[PATCH net v2] net: Clarify the difference between hard_header_len and needed_headroom

From: Xie He
Date: Thu Sep 10 2020 - 01:43:48 EST


The difference between hard_header_len and needed_headroom has long been
confusing to driver developers. Let's clarify it.

The understanding on this issue in this patch is based on the following
reasons:

1.

In af_packet.c, the function packet_snd first reserves a headroom of
length (dev->hard_header_len + dev->needed_headroom).
Then if the socket is a SOCK_DGRAM socket, it calls dev_hard_header,
which calls dev->header_ops->create, to create the link layer header.
If the socket is a SOCK_RAW socket, it "un-reserves" a headroom of
length (dev->hard_header_len), and checks if the user has provided a
header of length (dev->hard_header_len) (in dev_validate_header).
This shows the developers of af_packet.c expect hard_header_len to
be consistent with header_ops.

2.

In af_packet.c, the function packet_sendmsg_spkt has a FIXME comment.
That comment states that prepending an LL header internally in a driver
is considered a bug.

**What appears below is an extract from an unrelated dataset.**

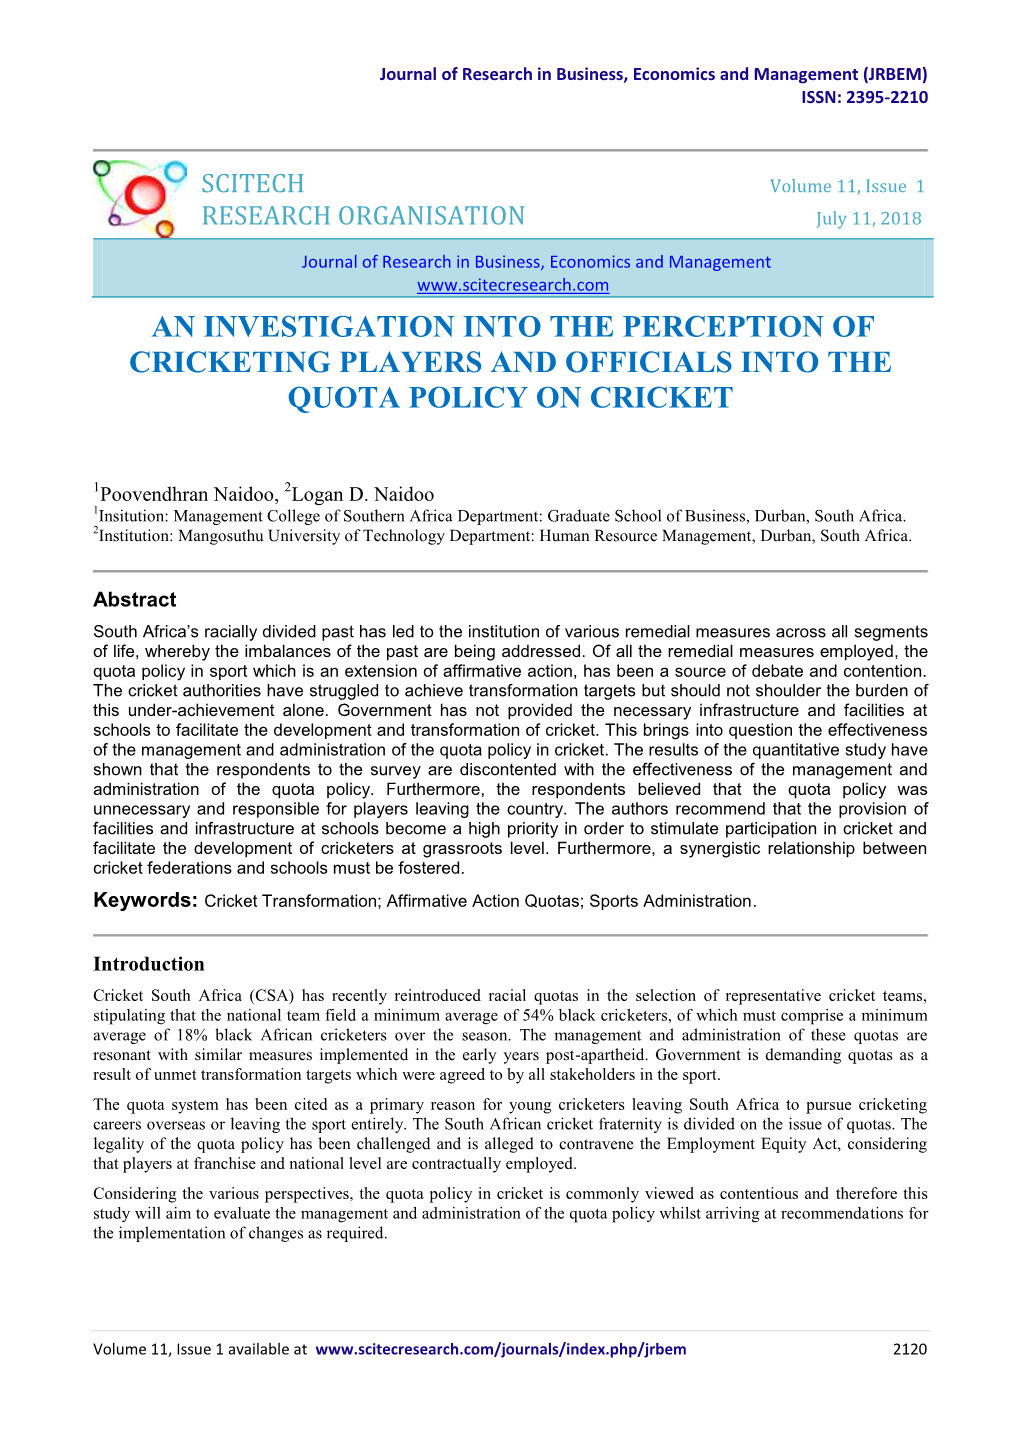 An Investigation Into the Perception of Cricketing Players and Officials Into the Quota Policy on Cricket

I believe this bug can be fixed by setting
hard_header_len to 0, making the internal header completely invisible
to af_packet.c (and requesting the headroom in needed_headroom instead).

3.

There is a commit for a WiFi driver:
commit 9454f7a895b8 ("mwifiex: set needed_headroom, not hard_header_len")
According to the discussion about it at:
https://patchwork.kernel.org/patch/11407493/
The author tried to set the WiFi driver's hard_header_len to the Ethernet
header length, and request additional header space internally needed by
setting needed_headroom. This means this usage is already adopted by
driver developers.

Cc: Willem de Bruijn <willemdebruijn.kernel@xxxxxxxxx>
Cc: Eric Dumazet <eric.dumazet@xxxxxxxxx>
Cc: Brian Norris <briannorris@xxxxxxxxxxxx>
Cc: Cong Wang <xiyou.wangcong@xxxxxxxxx>
Signed-off-by: Xie He <xie.he.0141@xxxxxxxxx>
---

Change from v1:
Small change to the commit message.

---
include/linux/netdevice.h | 4 ++--
net/packet/af_packet.c | 19 +++++++++++++------
2 files changed, 15 insertions(+), 8 deletions(-)

diff --git a/include/linux/netdevice.h b/include/linux/netdevice.h
index 7bd4fcdd0738..3999b04e435d 100644
--- a/include/linux/netdevice.h
+++ b/include/linux/netdevice.h
@@ -1691,8 +1691,8 @@ enum netdev_priv_flags {
* @min_mtu: Interface Minimum MTU value
* @max_mtu: Interface Maximum MTU value
* @type: Interface hardware type
- * @hard_header_len: Maximum hardware header length.
- * @min_header_len: Minimum hardware header length
+ * @hard_header_len: Maximum length of the headers created by header_ops
+ * @min_header_len: Minimum length of the headers created by header_ops
*
* @needed_headroom: Extra headroom the hardware may need, but not in all
* cases can this be guaranteed
diff --git a/net/packet/af_packet.c b/net/packet/af_packet.c
index 2b33e977a905..0e324b08cb2e 100644
--- a/net/packet/af_packet.c
+++ b/net/packet/af_packet.c
@@ -93,12 +93,15 @@

/*
Assumptions:
- - if device has no dev->hard_header routine, it adds and removes ll header
- inside itself. In this case ll header is invisible outside of device,
- but higher levels still should reserve dev->hard_header_len.
- Some devices are enough clever to reallocate skb, when header
- will not fit to reserved space (tunnel), another ones are silly
- (PPP).
+ - If the device has no dev->header_ops, there is no LL header visible
+ above the device. In this case, its hard_header_len should be 0.
+ The device may prepend its own header internally. In this case, its
+ needed_headroom should be set to the space needed for it to add its
+ internal header.
+ For example, a WiFi driver pretending to be an Ethernet driver should
+ set its hard_header_len to be the Ethernet header length, and set its
+ needed_headroom to be (the real WiFi header length - the fake Ethernet
+ header length).
- packet socket receives packets with pulled ll header,
so that SOCK_RAW should push it back.

@@ -2937,10 +2940,14 @@ static int packet_snd(struct socket *sock, struct msghdr *msg, size_t len)
skb_reset_network_header(skb);

err = -EINVAL;
+ if (!dev->header_ops)
+ WARN_ON_ONCE(dev->hard_header_len != 0);
if (sock->type == SOCK_DGRAM) {
offset = dev_hard_header(skb, dev, ntohs(proto), addr, NULL, len);
if (unlikely(offset < 0))
goto out_free;
+ WARN_ON_ONCE(offset > dev->hard_header_len);
+ WARN_ON_ONCE(offset < dev->min_header_len);
} else if (reserve) {
skb_reserve(skb, -reserve);
if (len < reserve + sizeof(struct ipv6hdr) &&
--
2.25.1